Edit3: For this to crawl computer parts, base_url should be changed to the one present in this code
This is not a direct answer to how to access the "next" button, but this may be a solution to your problem. When I've webscraped in the past I use the URLs of each page to loop through search results.

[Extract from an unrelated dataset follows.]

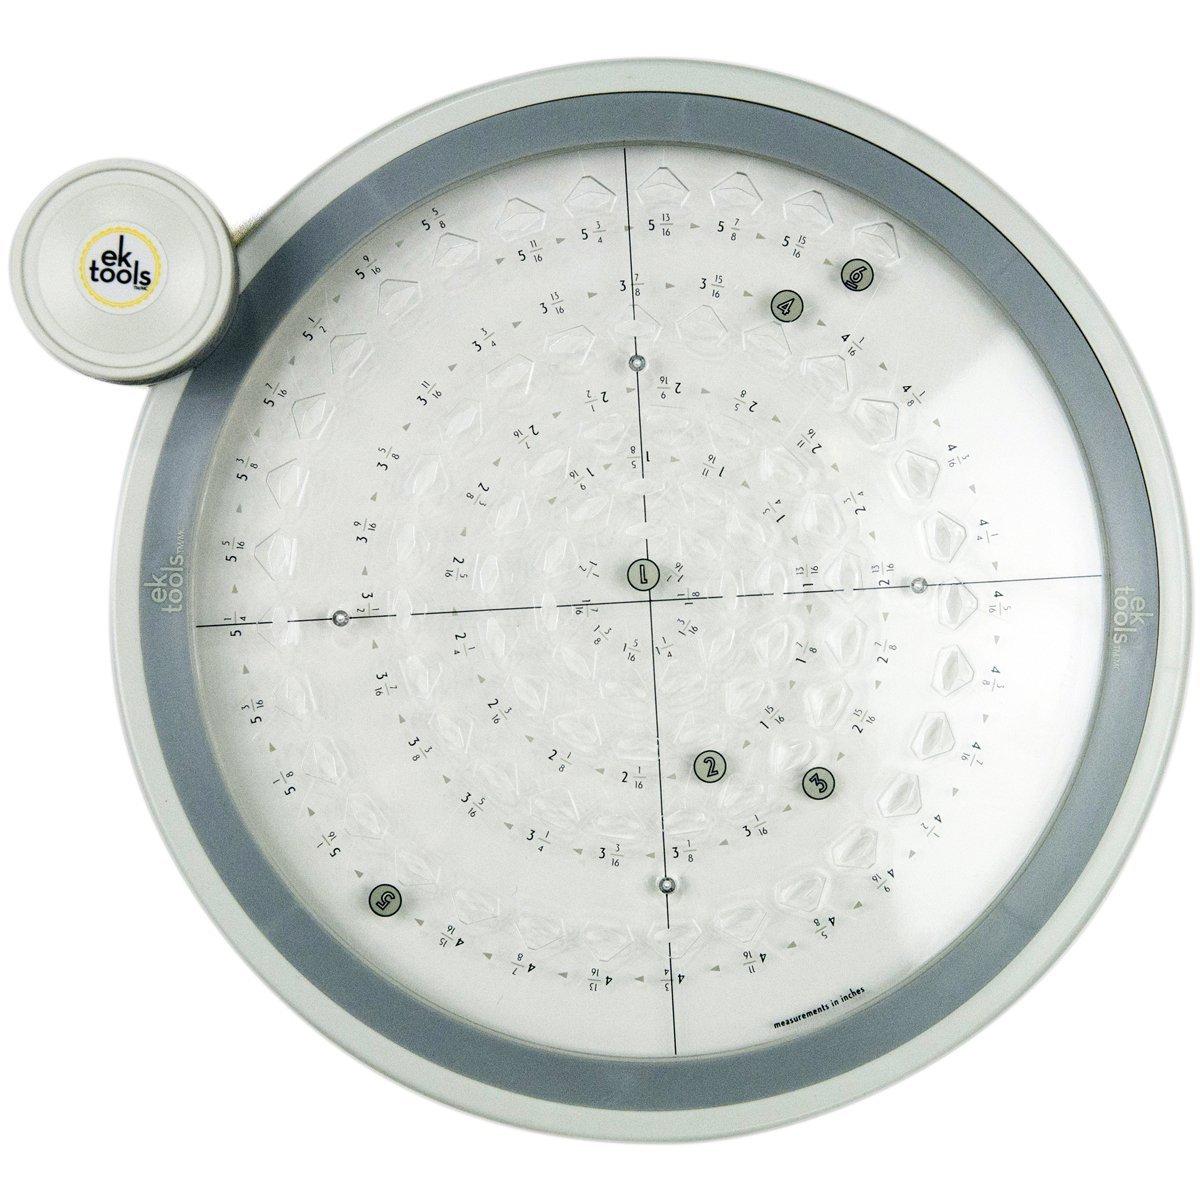 EK tools Scissor Pro Circle Cutter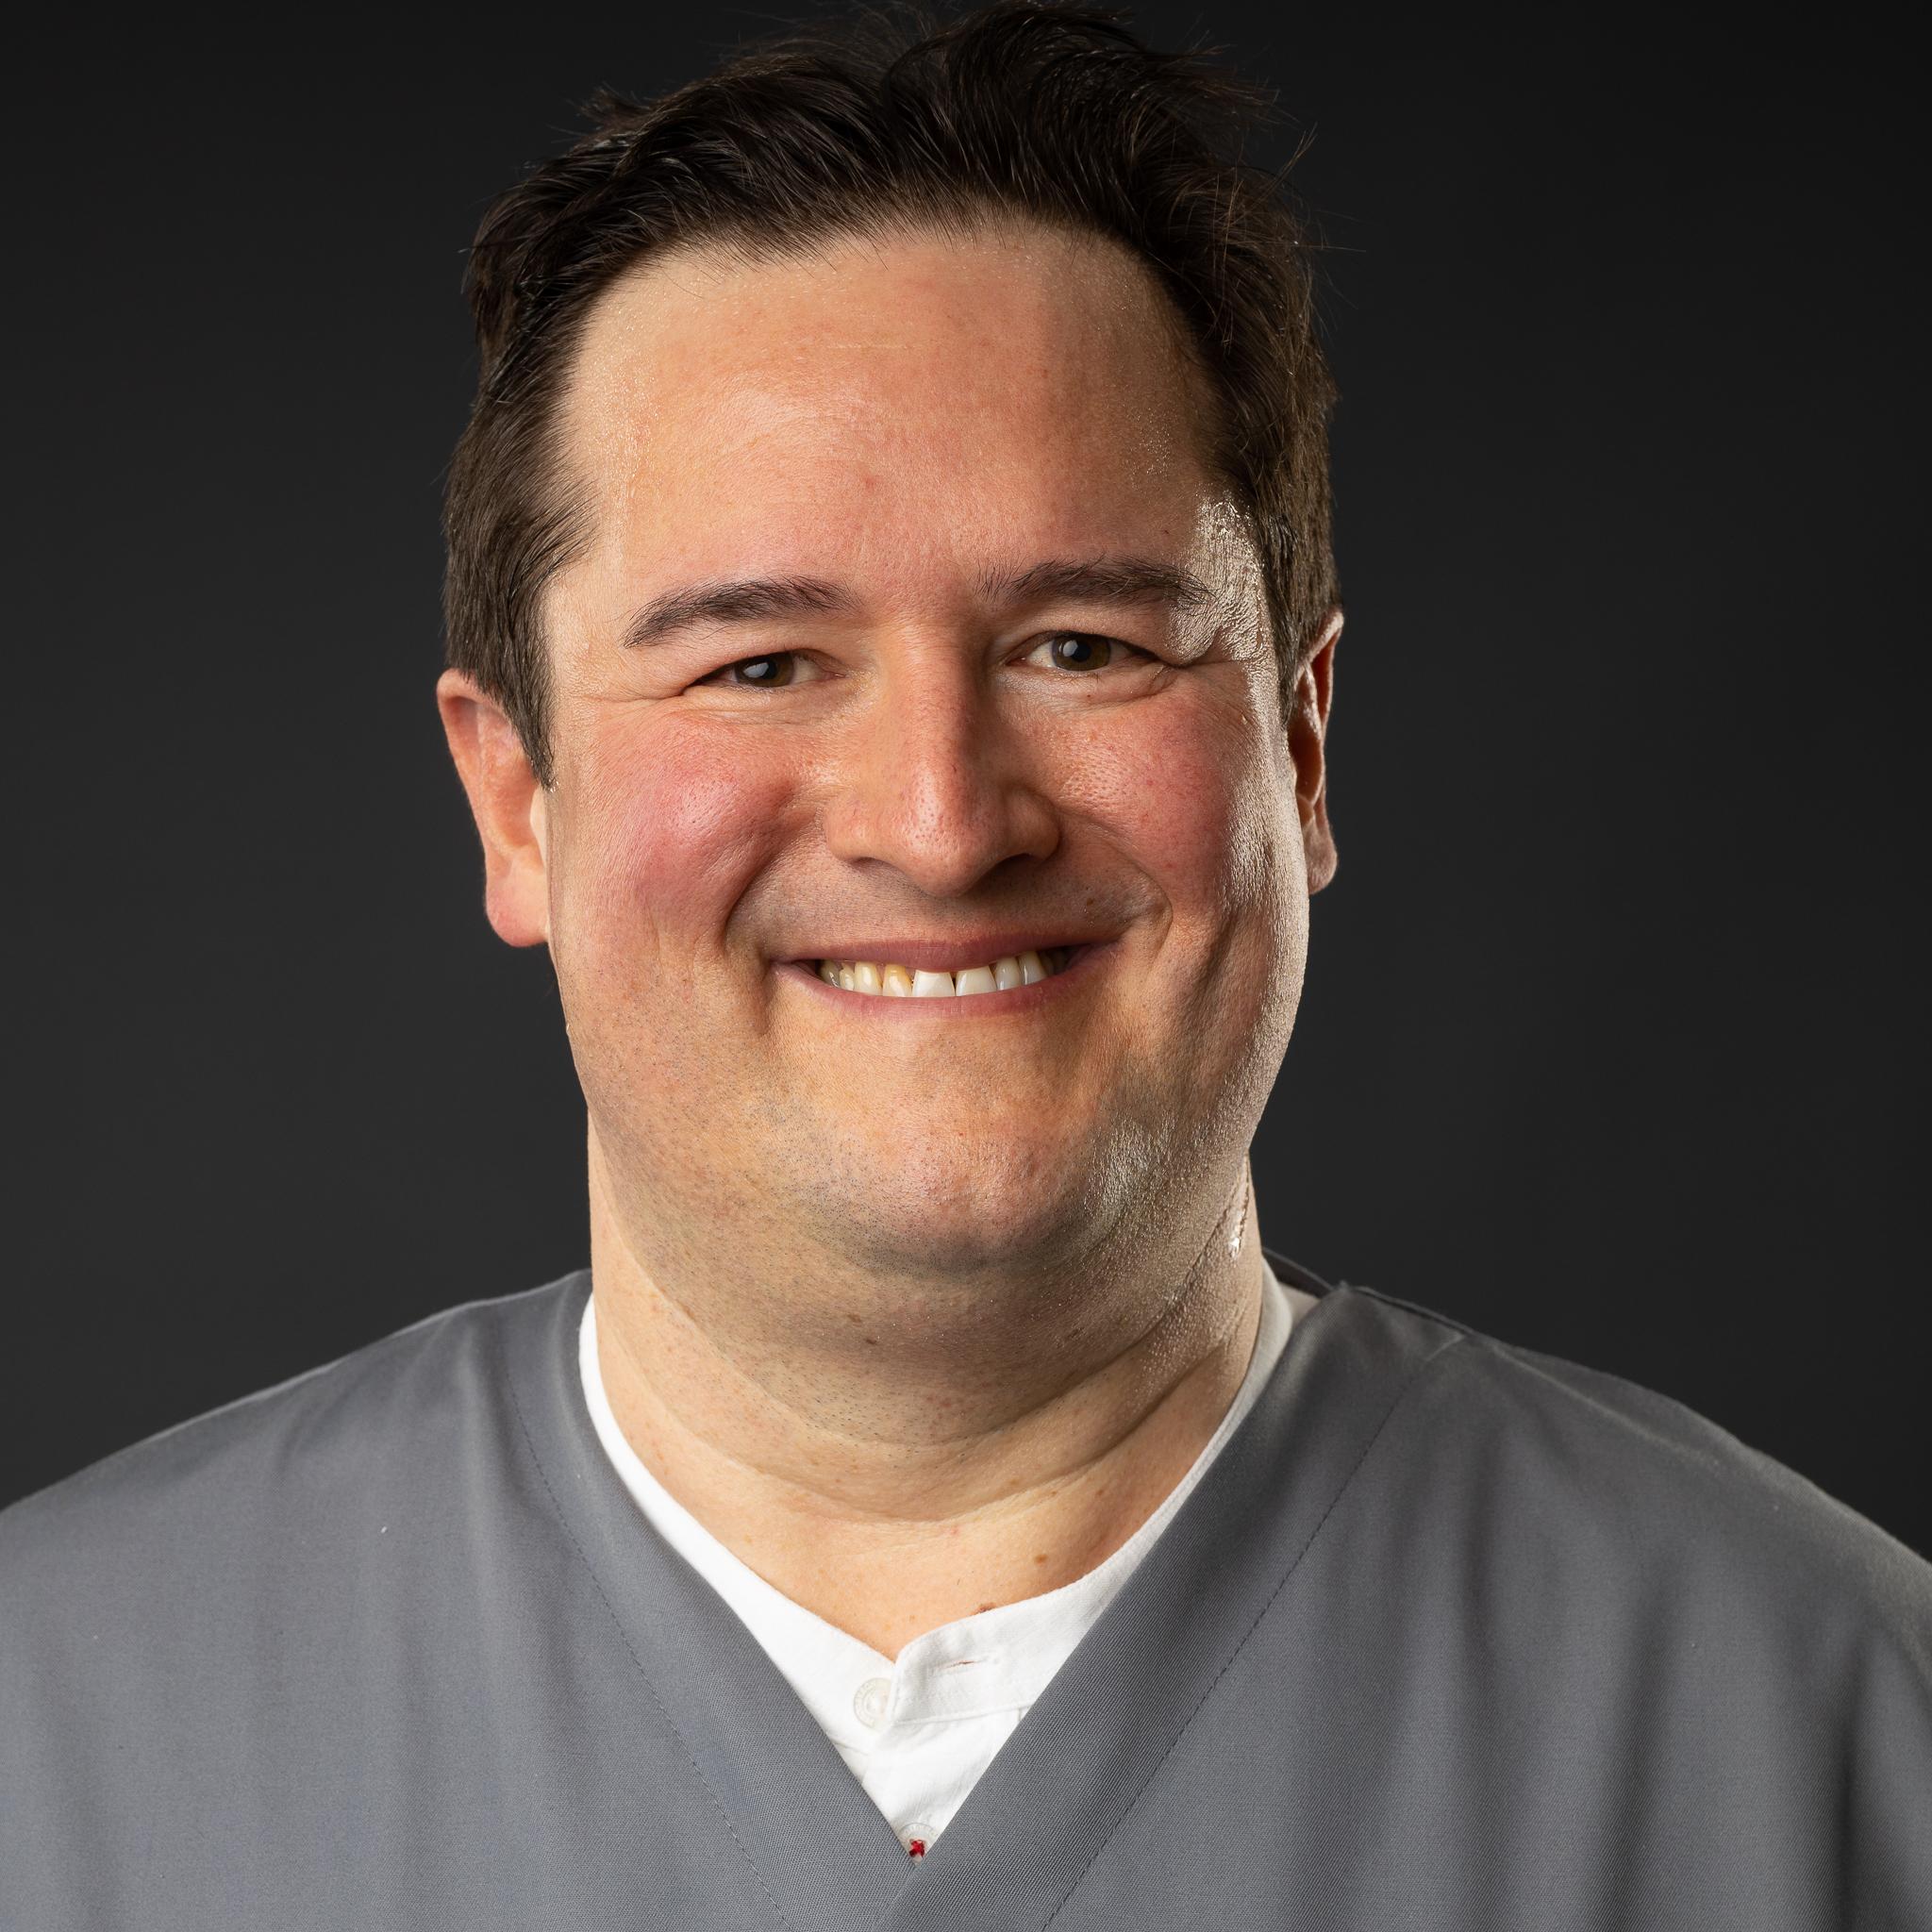 Dr. Thomas Regnet

On craiglist, when you click "next page" the URL changes. There's usually a pattern to this change you can take advantage of. I didn't have to long a look but it looks like the second page of craigslist is: https://nh.craigslist.org/search/syp?s=120, and the third is https://nh.craigslist.org/search/syp?s=240. It looks like that final part of the URL changes by 120 each time.
You could create a list of multiples of 120, and then build a for loop to add this value on to the end of each URL.
Then you have your current for loop nested in this for loop.